Bioavailability depends on the digestibility of the protein source, and this depends largely on the degree of protein hydrolysis after digestion and the amino acid absorption intestine capacity.
Determining protein source in in vivo digestibility is a long process that involves the rearing of animals on a specific diet, faecal collection and its analysis. It is very costly when the digestibility of various sources is to be determined and involves the use of many animals. The development of in vitro protein hydrolysis techniques allows a protein source digestibility estimation without the disadvantages of in vivo digestibility [40]. Likewise, in vitro digestibility techniques are used to obtain protein hydrolysates that allow greater bioavailability of amino acids.
Digestion and absorption processes in animals are very complex and dynamic; therefore, simulating a complex process using in vitro methods is difficult, and the results will never be as accurate as in vivo methods, but is a great alternative, taking into account the complexity and time needed for the experiments compared to in vivo methods.
In a recent study evaluating the inclusion of defatted black soldier larvae meal in extruded dog food, Penazzi et al. [41] studied whether the in vitro digestibility method could be comparable to the in vivo method. They found that although the estimates were higher than those obtained by in vivo analysis, the in vitro digestibility values for crude protein (82.3%) were similar to the in vivo results (80.1%) and considered that this method could be a possible alternative to the traditional method of total faecal collection in in vivo digestibility tests.

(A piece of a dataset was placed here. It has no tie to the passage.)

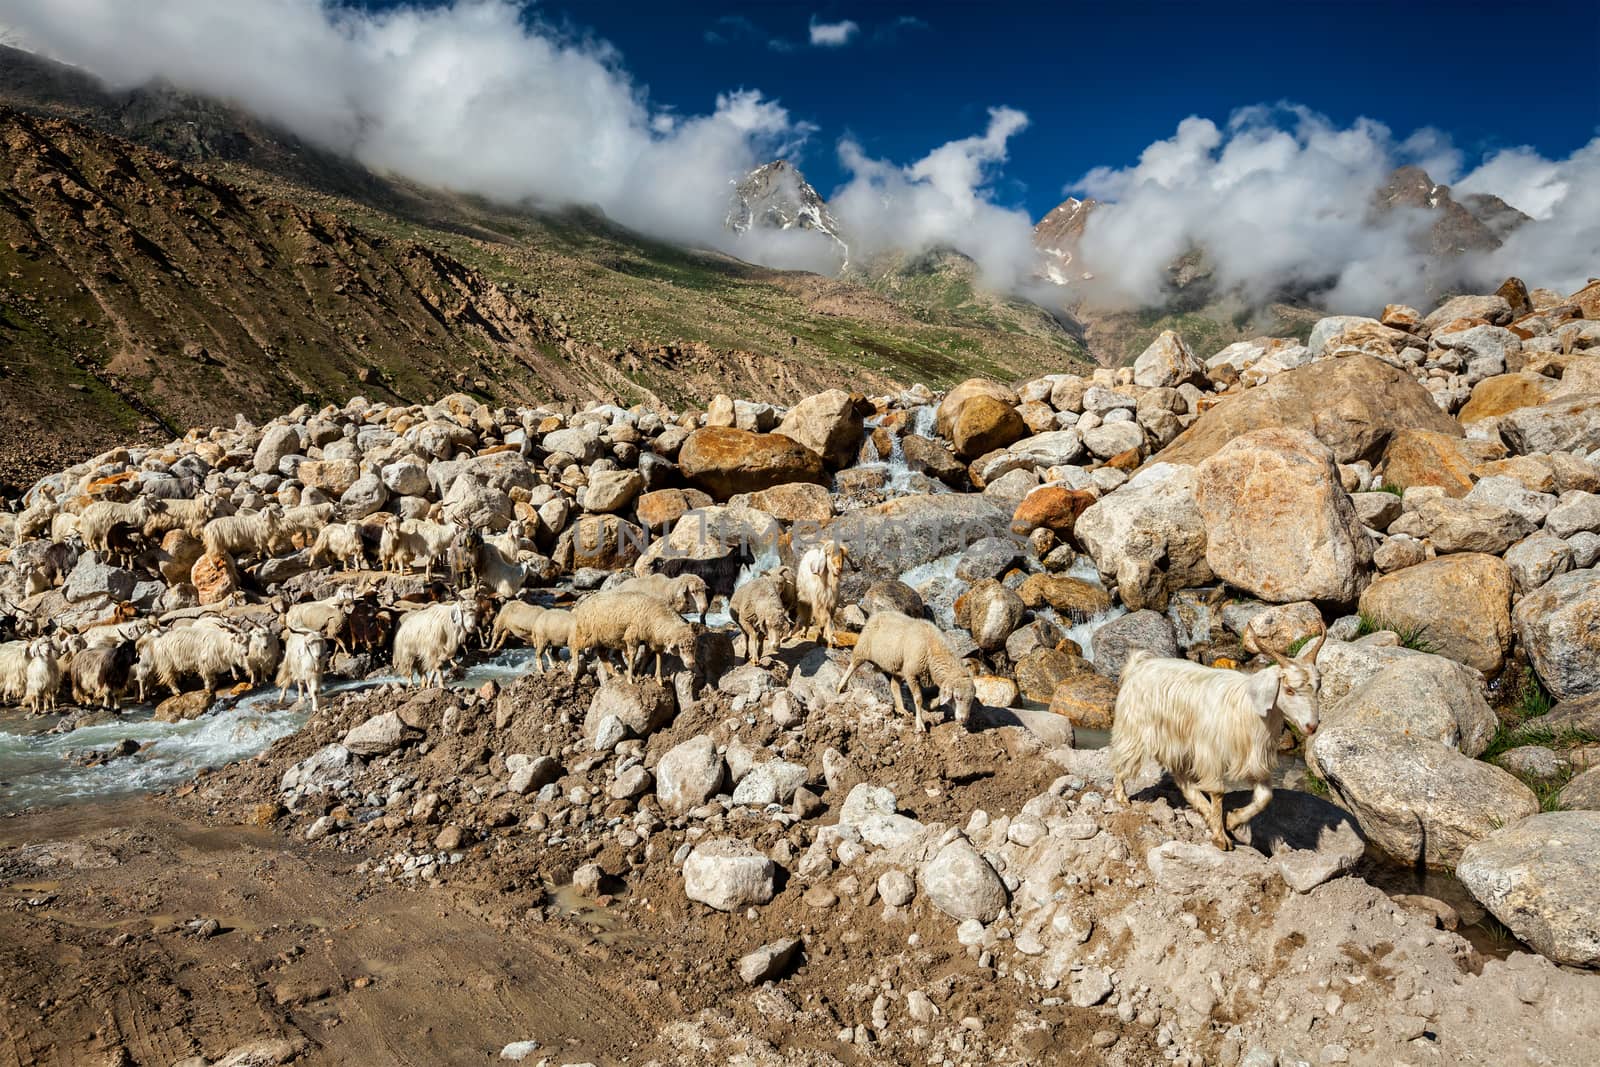 Herd of Pashmina sheep in Himalayas by dimol

In vitro protein hydrolysis methods mimic the conditions simulated by digestive processes through proteolytic enzymes by measuring the percentage of proteins that are hydrolysed by these enzymes [42]. These methods are quickly reproducible, give a great digestibility estimation for a wide range of foods [43] and allow comparison between ingredients when used under the same experimental conditions.

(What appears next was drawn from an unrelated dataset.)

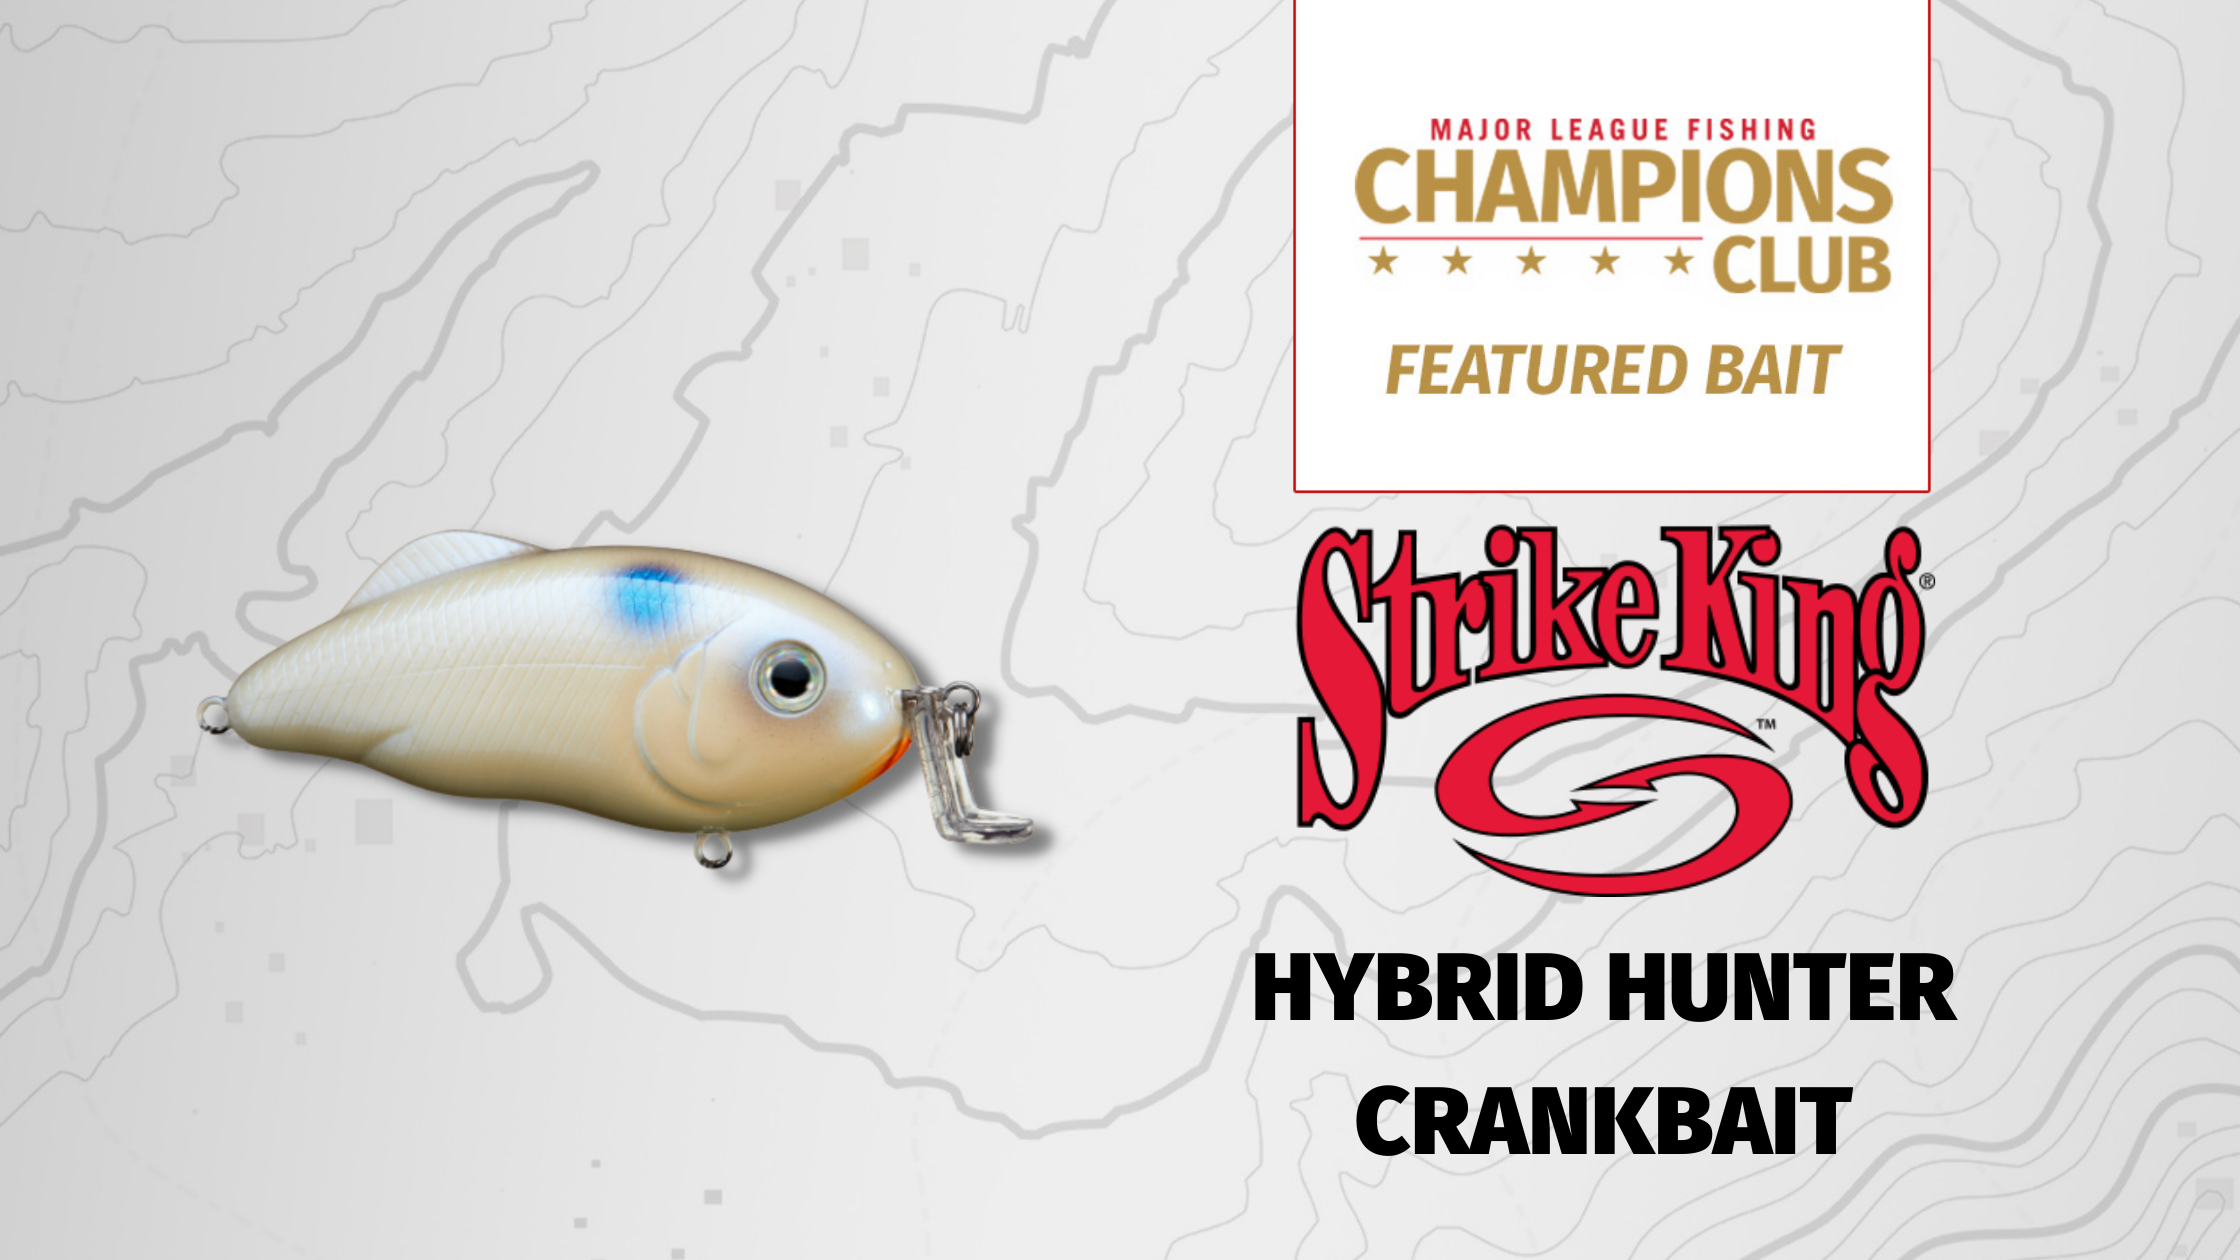 Strike King Hybrid Hunter Crankbait - Product Features

Therefore, the aim of the present review is to study the different methods and applications of in vitro protein hydrolysis of insects performed thus far and to assess the different processing techniques of meals to aid in insect protein hydrolysis to provide an overview of the knowledge obtained thus far.

2. Study Summary

Two databases were used: Science Direct and Scopus. The following keywords were entered: “Protein hydrolysis”, “Digestibility”, “In vitro hydrolysis”. Inclusion criteria were insect-based articles with in vitro protein hydrolysis. Exclusion criteria were articles on in vivo hydrolysis, bioactive peptides (pharmacology/health field) and whose results were qualitative.
Finally, 34 articles (30 experimental and 4 reviews) published up to 2021 related to in vitro protein hydrolysis of protein from different species of insects were studied. These articles differ according to the type of insect, the way to obtain the insect, the hydrolysis method used, the hydrolysis phases and the enzymes involved in each phase. Differences are also found in the way to verify protein hydrolysis after hydrolysis both in the methodology used and measurement units. In this review, the results were divided into two types of hydrolysis. In vitro protein hydrolysis as a simulator of digestive processes (oral, stomach and intestine) in the different insects used in feed and the effect of different meal processing of insect meals to improve/evaluate the digestibility of insects.

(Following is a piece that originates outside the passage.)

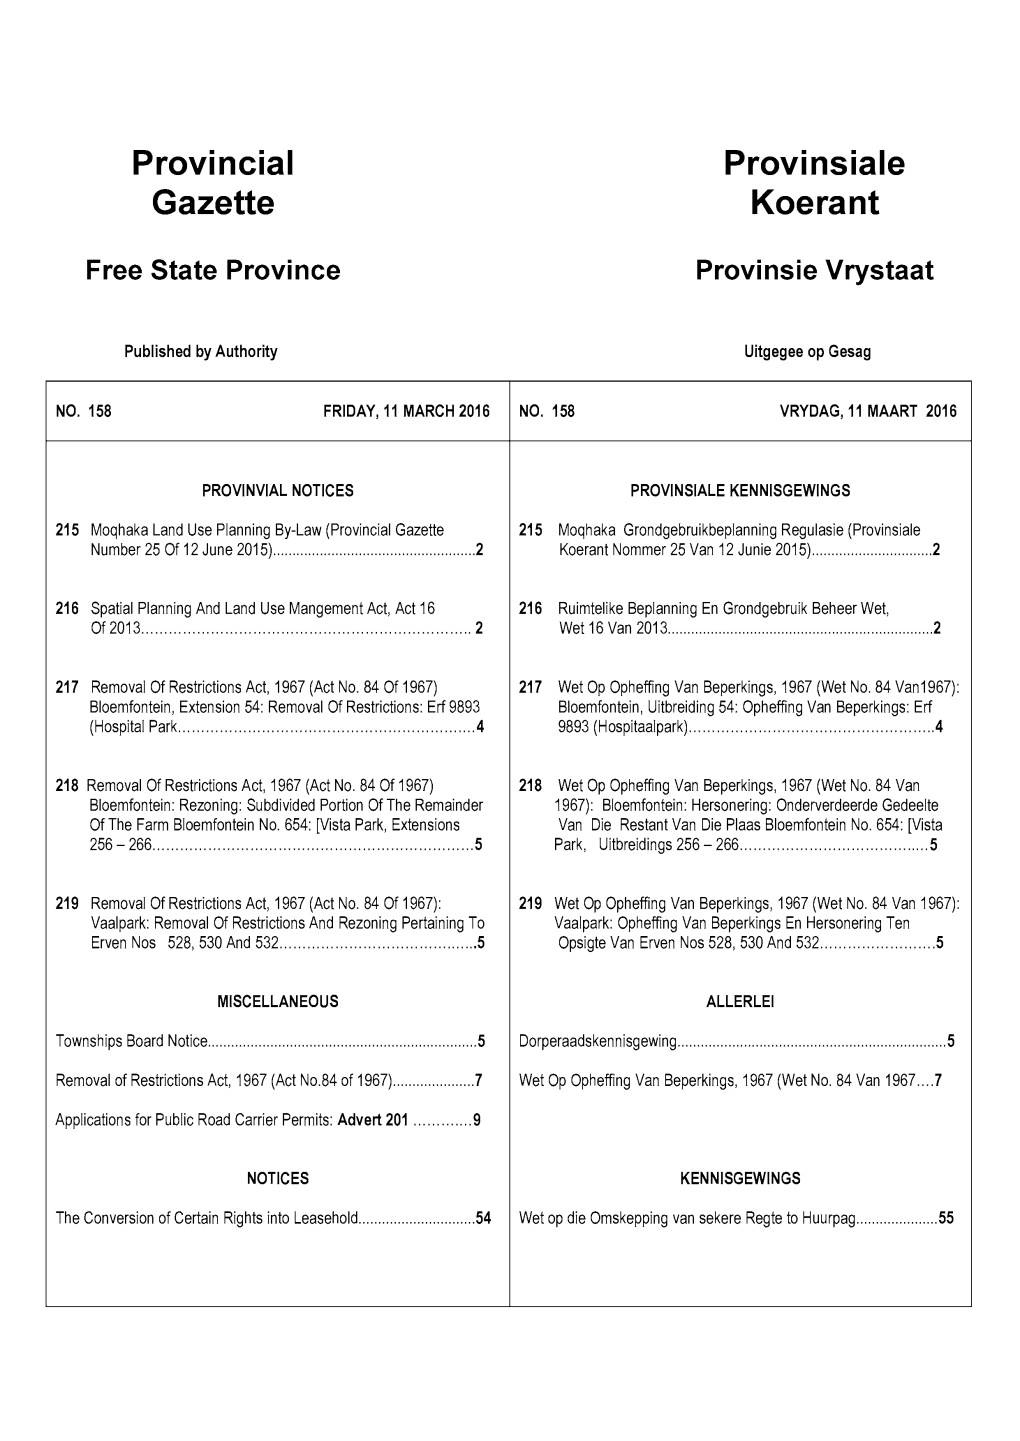 Provincial Gazette Free State Province

3. Methods Used for Digestion and for the Determination of In Vitro Digestibility

In vitro digestibility is a laboratory-based methodology that attempts to simulate digestive processes that occur in humans or animals. It is a less expensive and slow alternative to in vivo digestibility, which analyses the differences in composition between ingested food and faeces after the digestion process. However, although in vitro digestion attempts to simulate in vivo digestive processes, these methods can hardly fully mimic the actual pH and temperature conditions of the digestive system [44]. For this reason, digestibilities obtained in vitro usually have lower values than in vivo digestibility realised with animals [43].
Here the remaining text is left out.